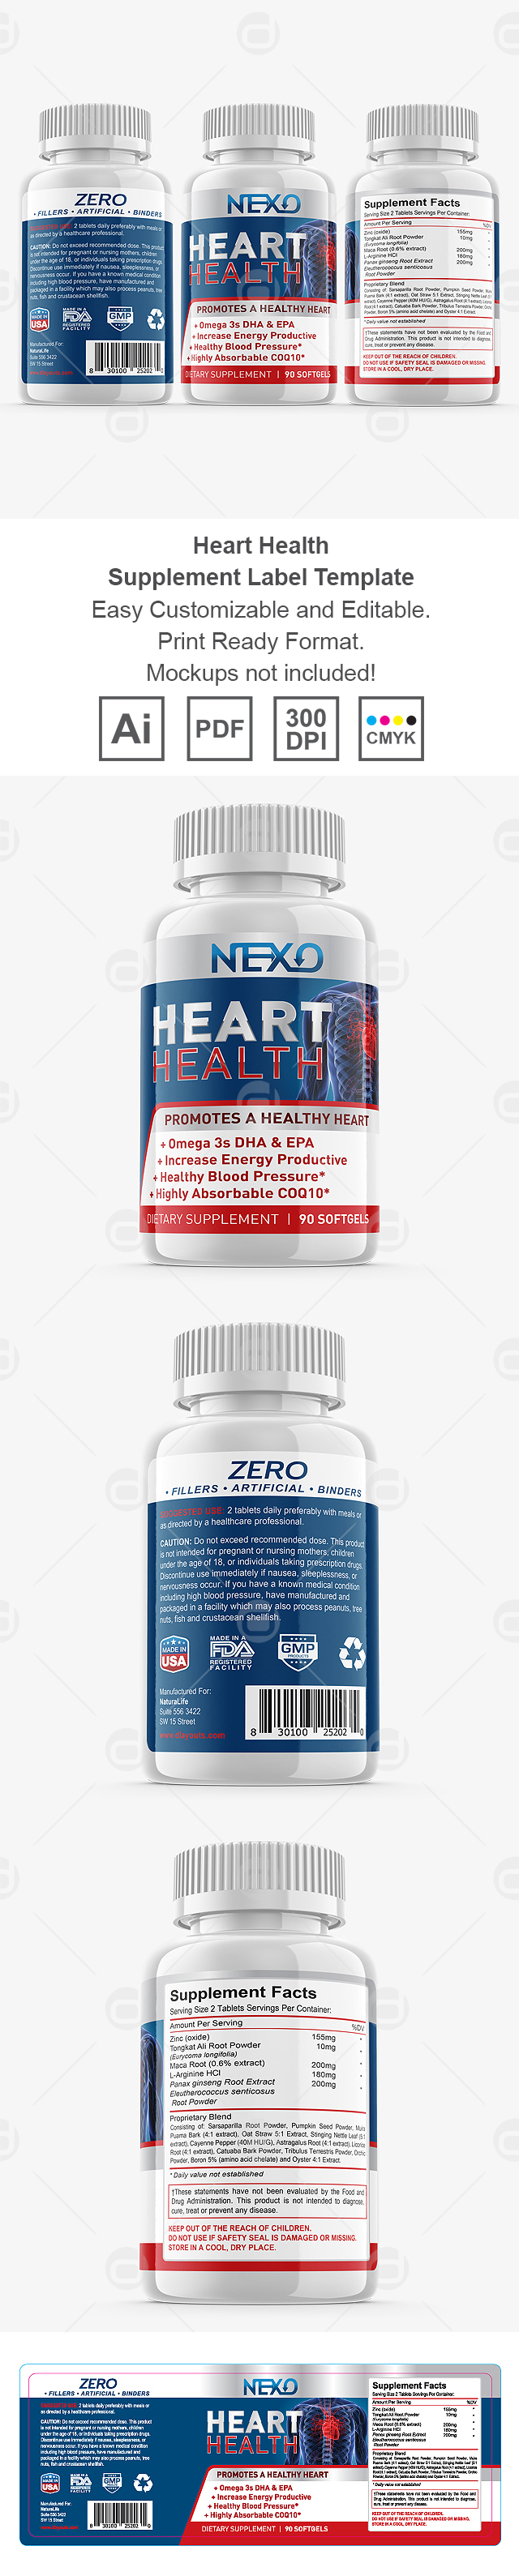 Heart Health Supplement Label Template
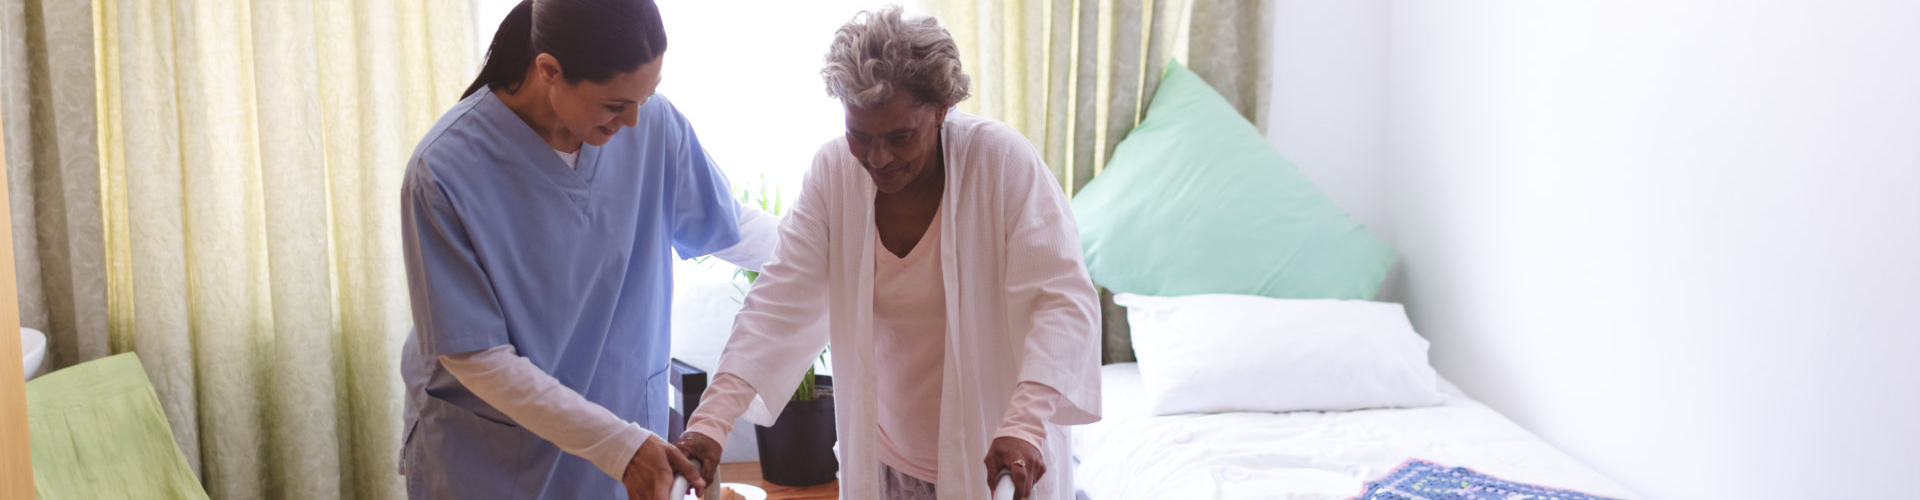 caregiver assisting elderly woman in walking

-=-=-

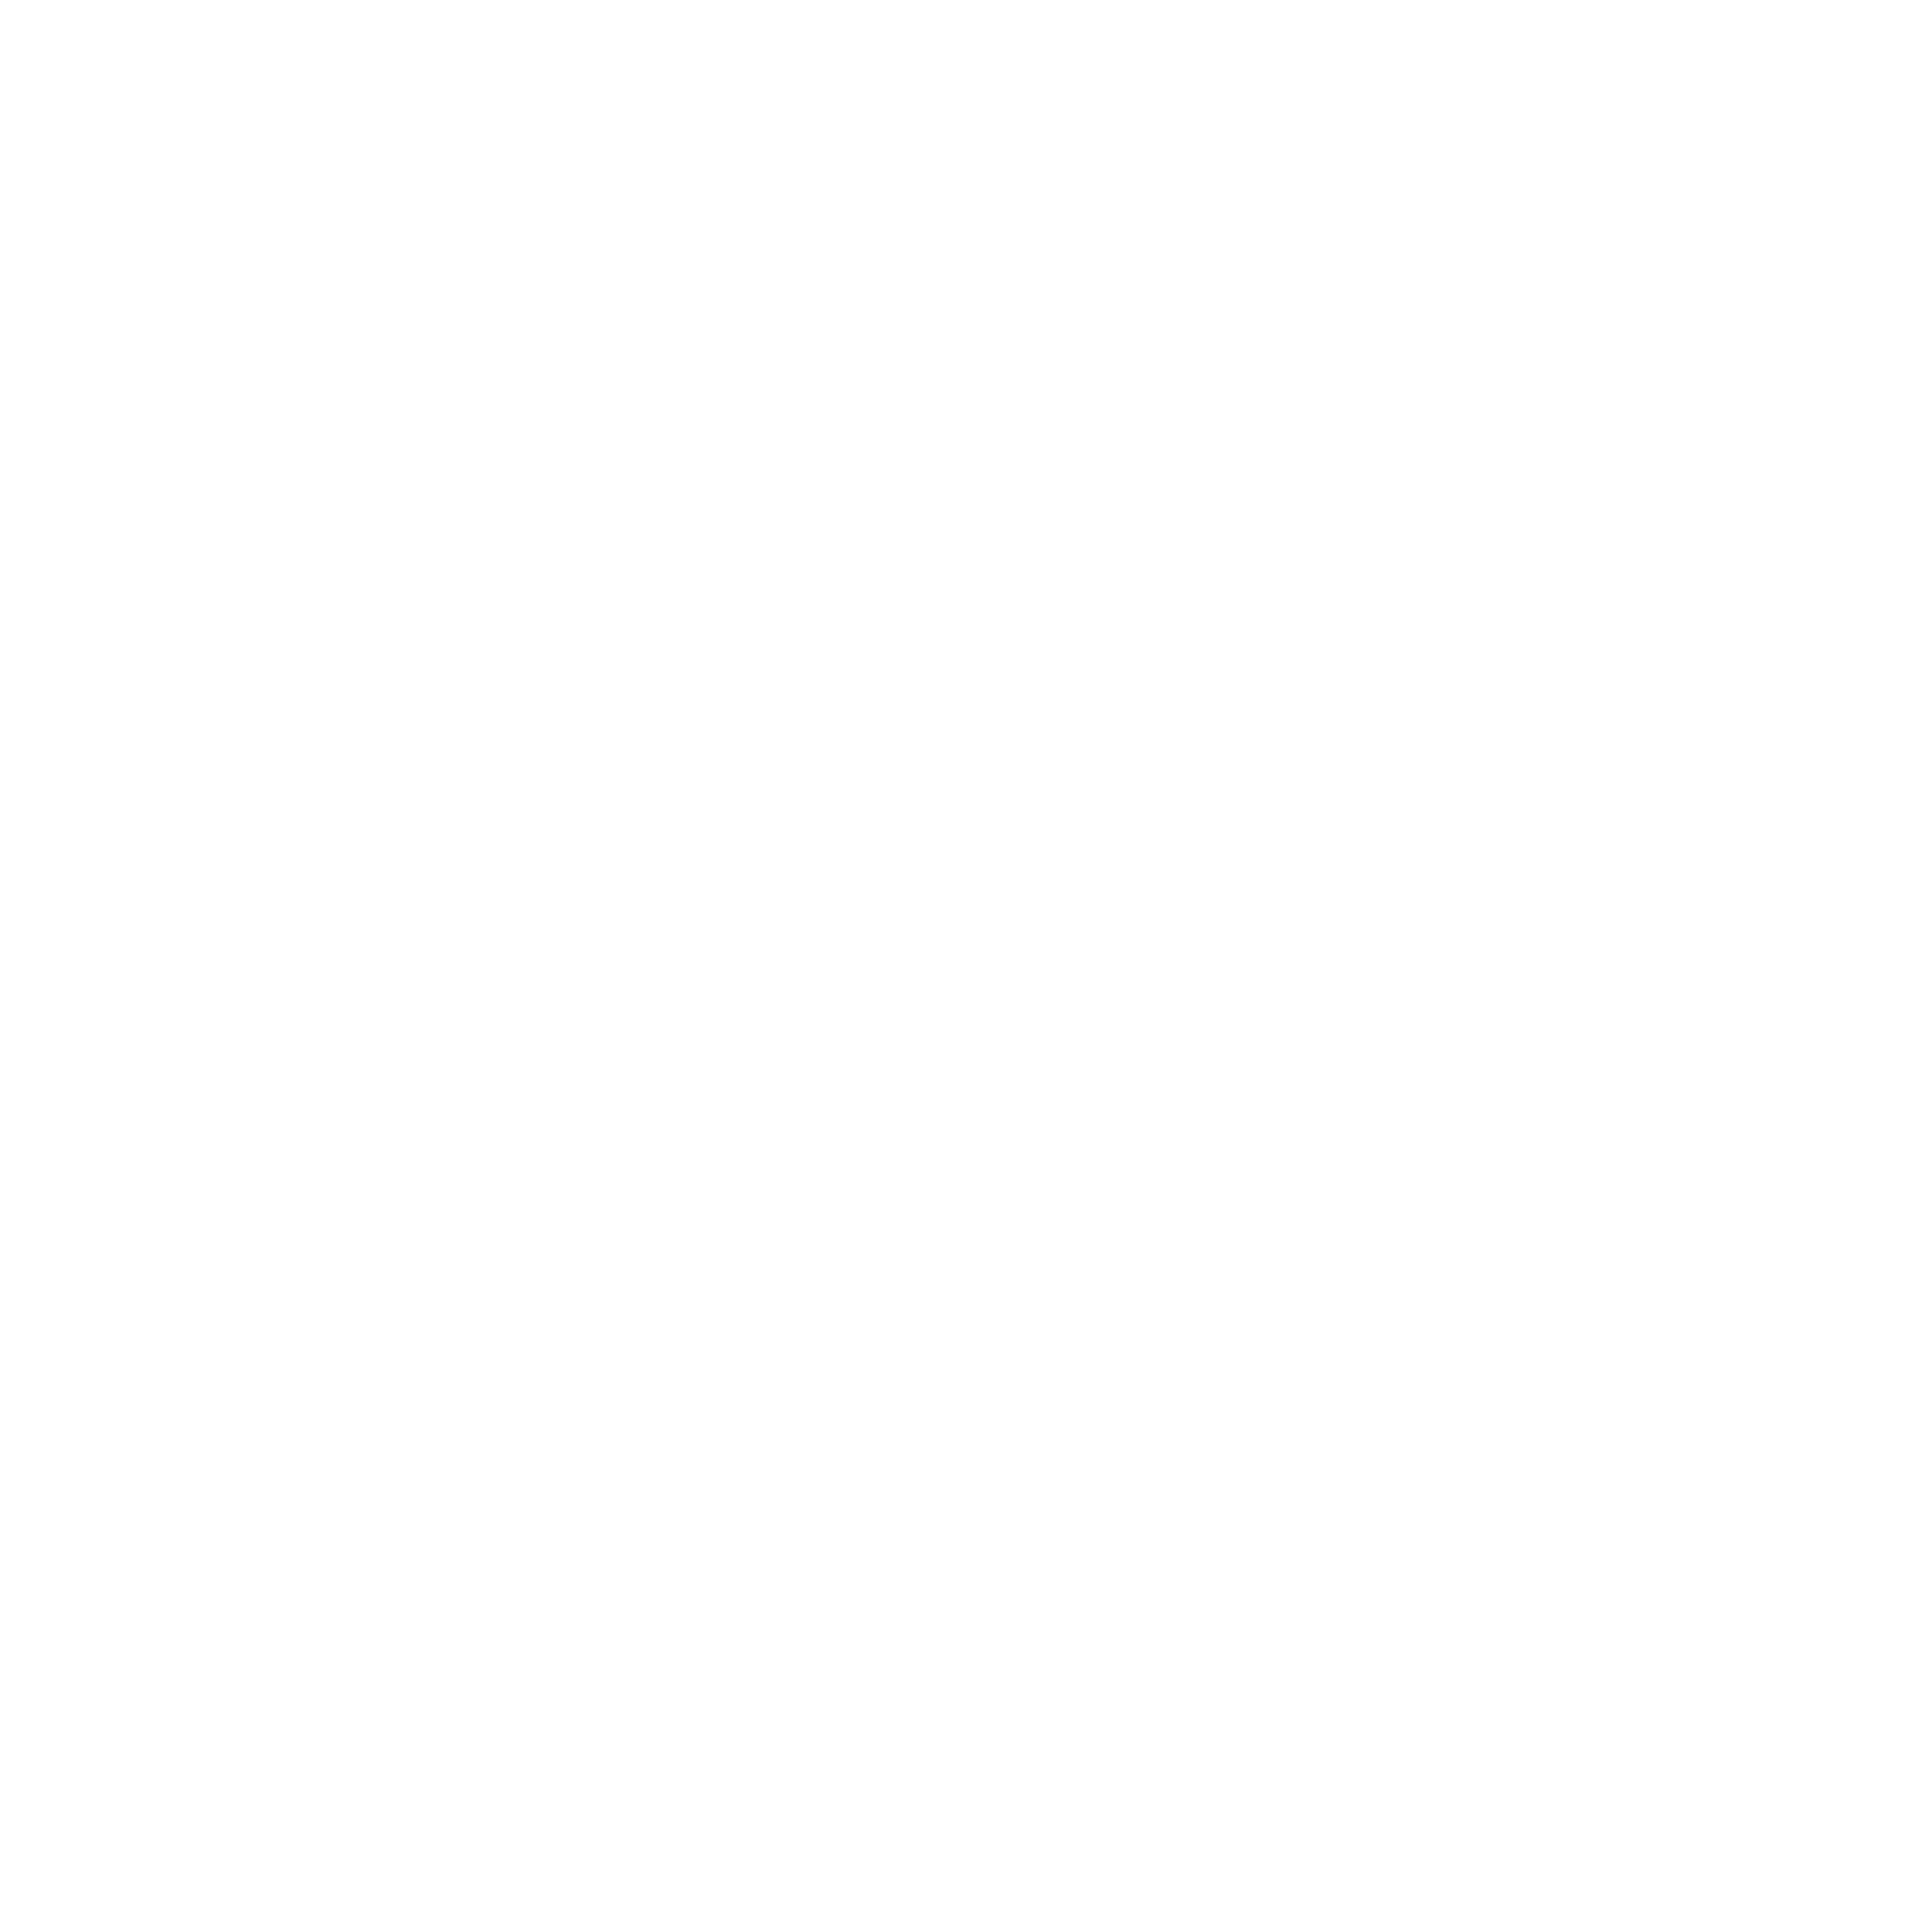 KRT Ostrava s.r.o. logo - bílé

-=-=-

Aim of the exercise: From the records above, output only the lines starting at the one containing "Heart Health Supplement Label Template" and ending at the one containing "caregiver assisting elderly woman in walking", word for word. Pictures stay out.

Task output:
 Heart Health Supplement Label Template
 caregiver assisting elderly woman in walking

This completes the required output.